28. electrode materials as claimed in claim 25, under gravimetric wherein under 120C and 2C, the ratio of accessible maximum weight capacity is for being greater than 50%, and this electrode material can under a given discharge-rate, under this given discharge-rate circulation continuous maintain its capacity after being greater than 1000 circulations be greater than 75%.

29. electrode materials as claimed in claim 25, under gravimetric wherein under 240C and 2C, the ratio of accessible maximum weight capacity is for being greater than 40%, and this electrode material can under a given discharge-rate, under this given discharge-rate circulation continuous maintain its capacity after being greater than 1000 circulations be greater than 75%.

30. electrode materials according to any one of claim 25 to 28, wherein this electrode material can under a given discharge-rate, under this given discharge-rate circulation continuous be greater than 2000 circulations or after being greater than 5000 circulations, maintain its capacity be greater than 75%.

31. 1 kinds of electrodes comprising nickel compound containing, the wherein capacity of every gram of electrode of this electrode under 240C discharge-rate, by the total weight of this electrode, for being greater than 100mAh.

32. 1 kinds of electrodes comprising nickel compound containing, the wherein capacity of every gram of electrode of this electrode under 120C discharge-rate, by the total weight of this electrode, for being greater than 120mAh.
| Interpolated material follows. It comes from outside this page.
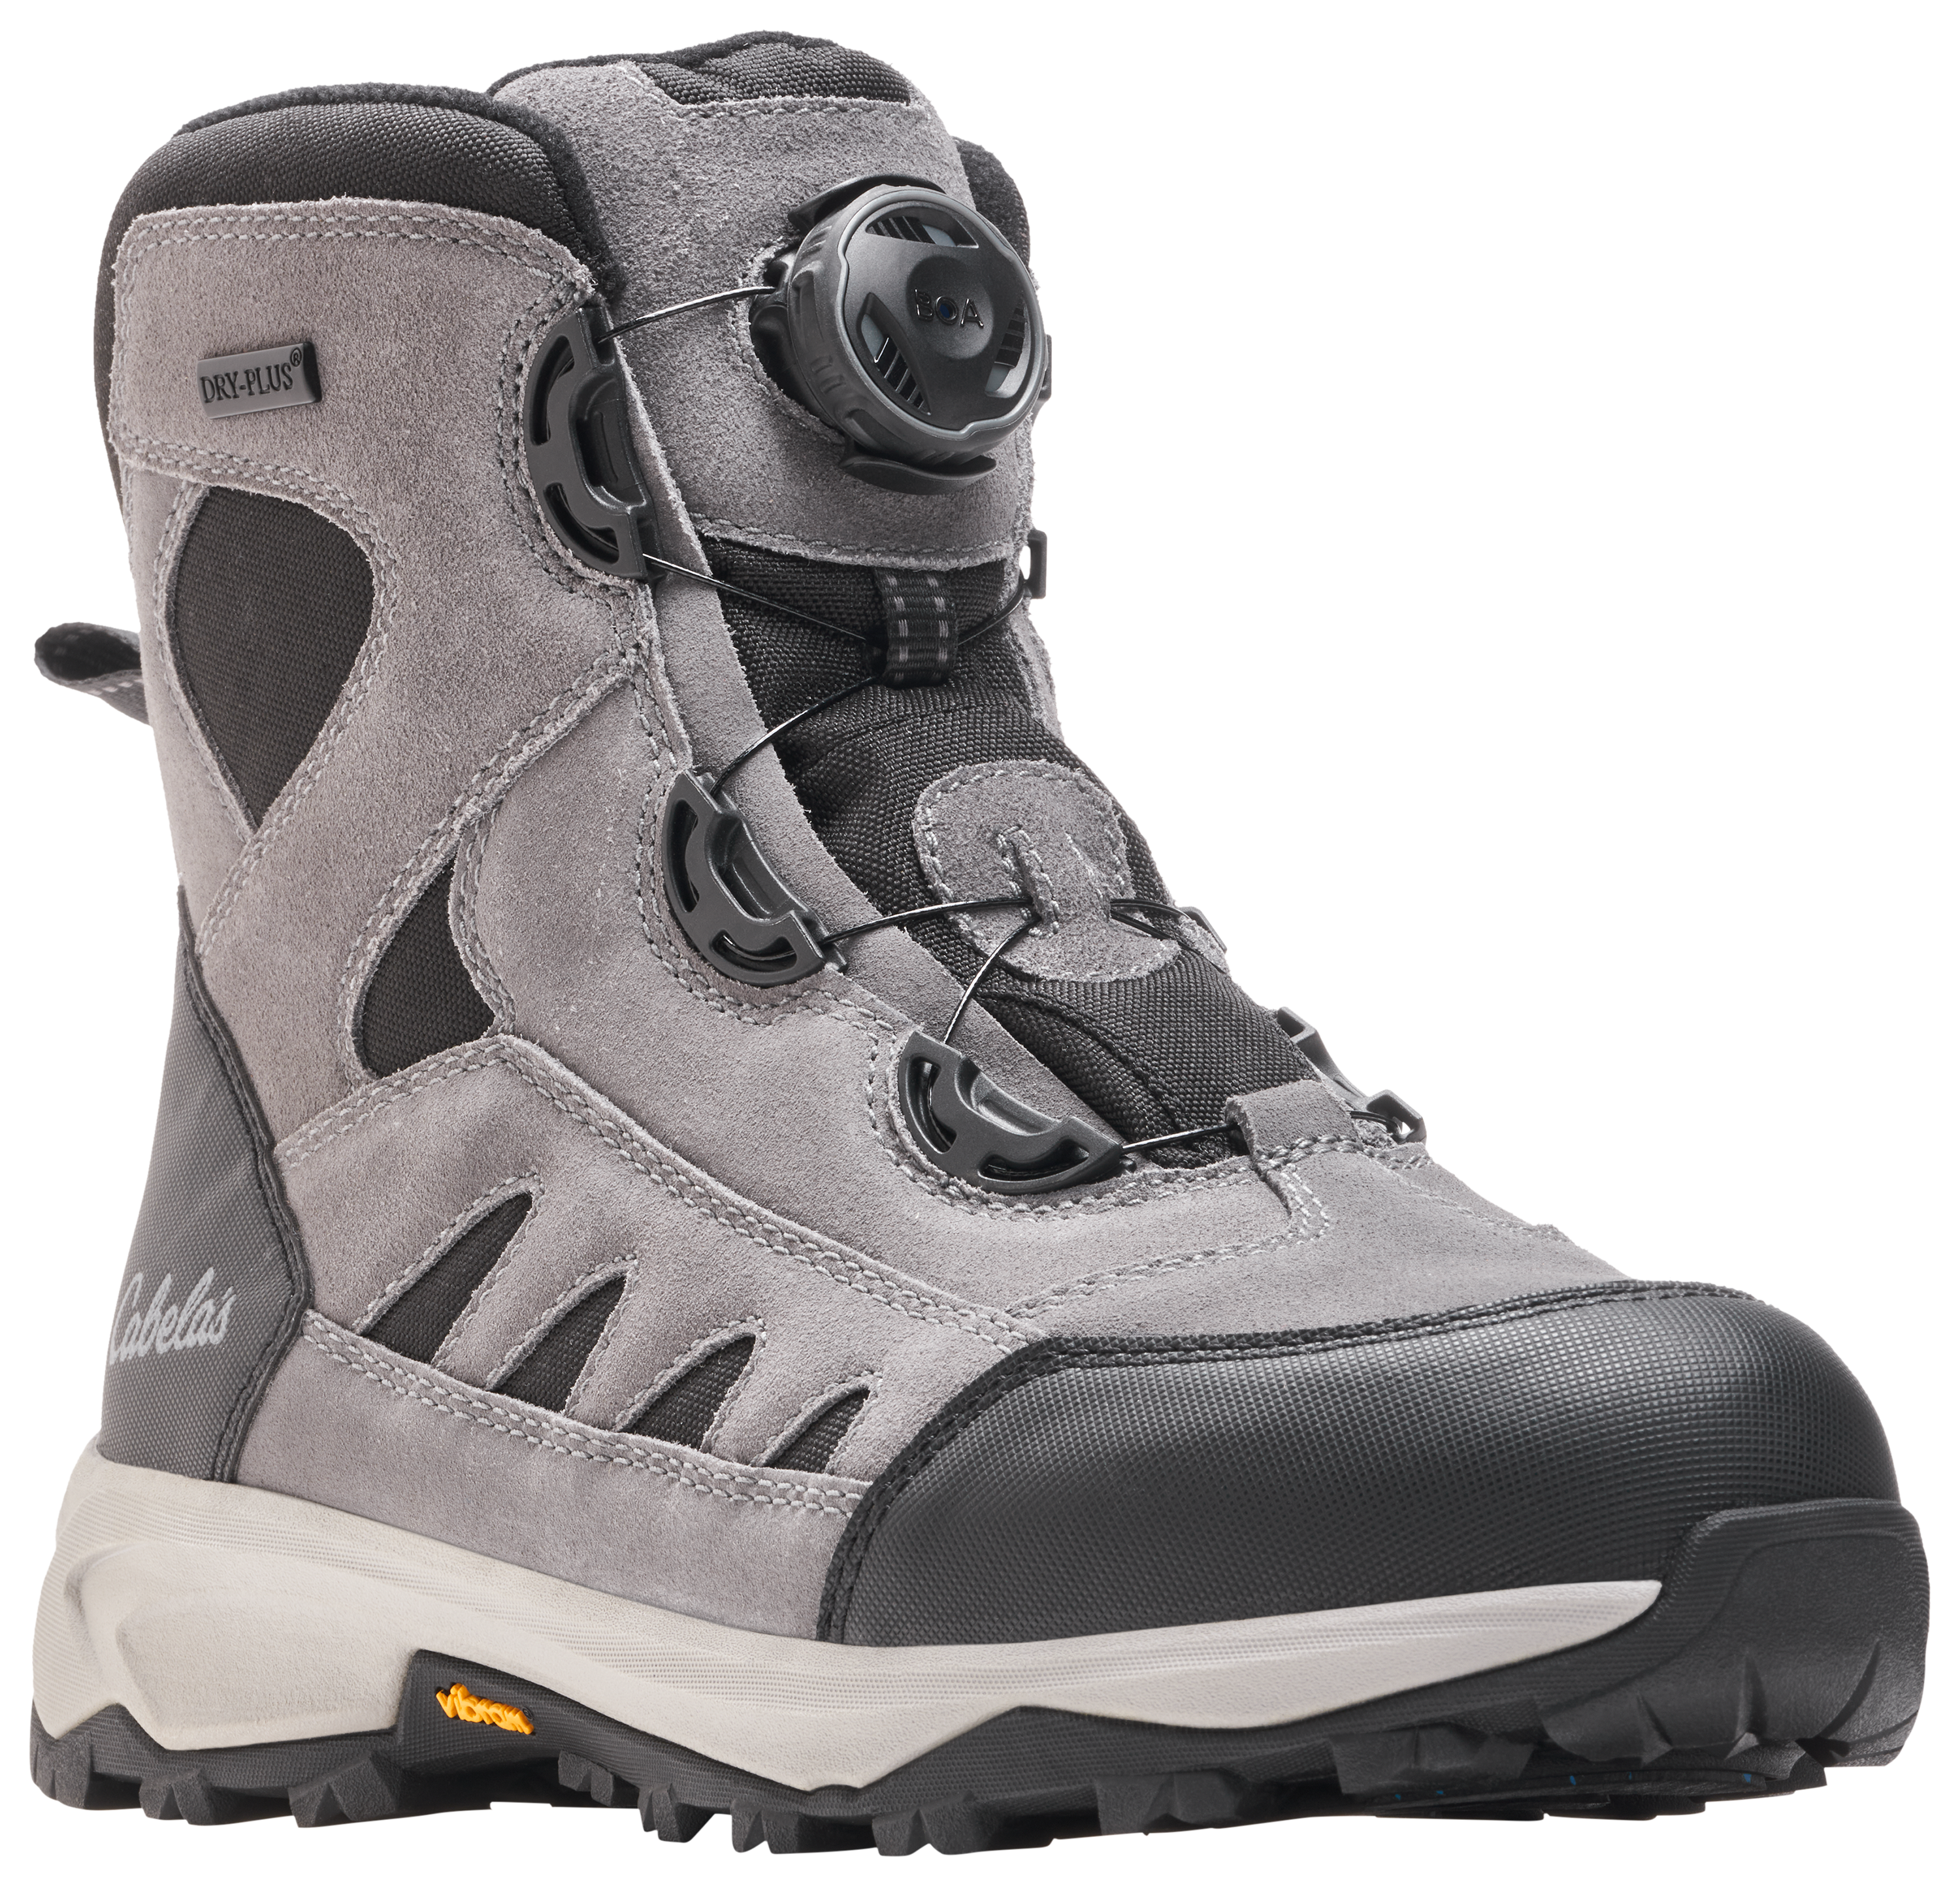 Cabela's Snow Runner Max 2.0 BOA Insulated Waterproof Winter Boots for Men - Granite Gray - 10M

33. 1 kinds of electrodes comprising nickel compound containing, the wherein capacity of every gram of electrode of this electrode under 60C discharge-rate, by the total weight of this electrode, for being greater than 130mAh.
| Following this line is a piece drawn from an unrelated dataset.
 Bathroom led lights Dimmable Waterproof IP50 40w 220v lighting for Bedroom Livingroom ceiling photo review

34. 1 kinds of electrodes comprising nickel compound containing, the wherein capacity of every gram of electrode of this electrode under 10C discharge-rate, by the total weight of this electrode, for being greater than 140mAh.

35. electrodes according to any one of claim 30 to 33, wherein this electrode under this discharge-rate of specifying, herein means after charge/discharge cycle under fixed discharge-rate continues to be greater than 1000 circulations and maintain at least 80% of its capacity.

36. electrodes as claimed in claim 34, wherein this electrode material under this discharge-rate of specifying, herein means after charge/discharge cycle under fixed discharge-rate continues to be greater than 5000 circulations and maintain at least 80% of its capacity.

37. electrodes as claimed in claim 33, wherein this electrode under this discharge-rate of specifying, herein means fixed discharge-rate under charge/discharge cycle continue to be greater than 10,000 time circulation after maintain its capacity at least 80%.

38. electrodes according to any one of the preceding claims, the wherein specific power of this electrode, according to the total weight of this electrode, for being greater than 2W/g or 5W/g or 10W/g or 20W/g.